Underneath Mrs Wolfson had added, “Isn’t this a stroke of luck?”

It was dated four months previously.

Margaret read it twice, her mouth dry. 

Well then, she’d just have to make those other arrangements.

She picked up the feather pillow from Annie’s bed and walked slowly towards the front room, the screeching of the Tweenies drowning the thudding of her traitor’s heart.

Detached, from somewhere near the ceiling, Margaret watched herself enter the room quietly and stand behind Annie. She noticed how her own hands shook as she held the pillow above her sister’s head, her mother’s garnet ring twinkling reproachfully on her little finger.

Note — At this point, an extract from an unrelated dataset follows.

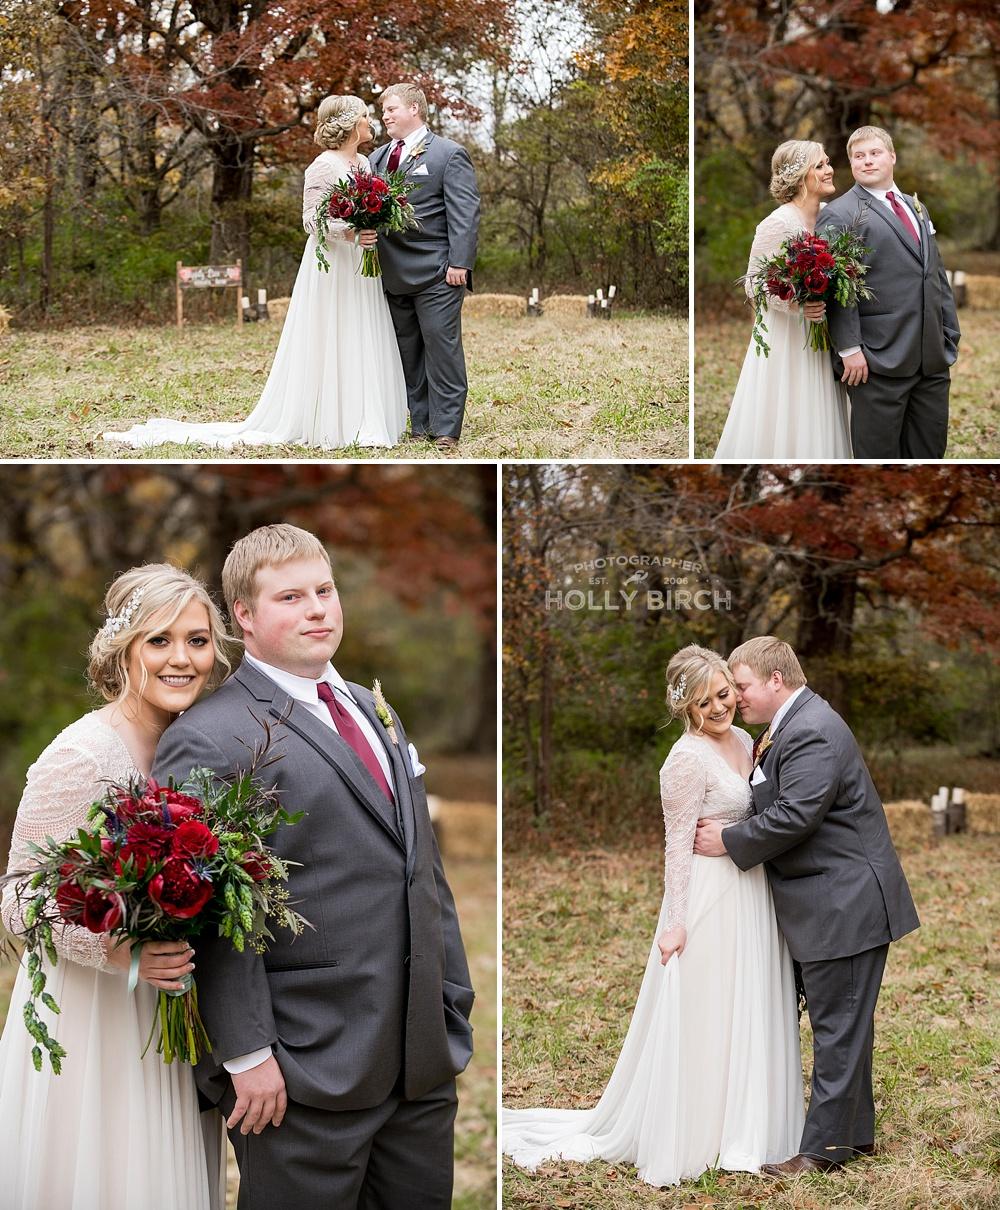 Taylorville-PIllars-Event-Center-fall-farm-wedding-with-corn_4150.jpg

She looked down at Annie’s straggly parting, scattered with flecks of dandruff and sighed. I must remember to buy some of that special shampoo tomorrow and use it when I wash her hair, she thought.

“Maggie? Come sit by me. Tweenies.” Annie looked up and smiled widely, patting the arm of her chair. “You like Tweenies?”

Margaret sat down shakily. She panted slightly, as if someone had just punched her in the stomach.

“Love the Tweenies, Annie,” she said.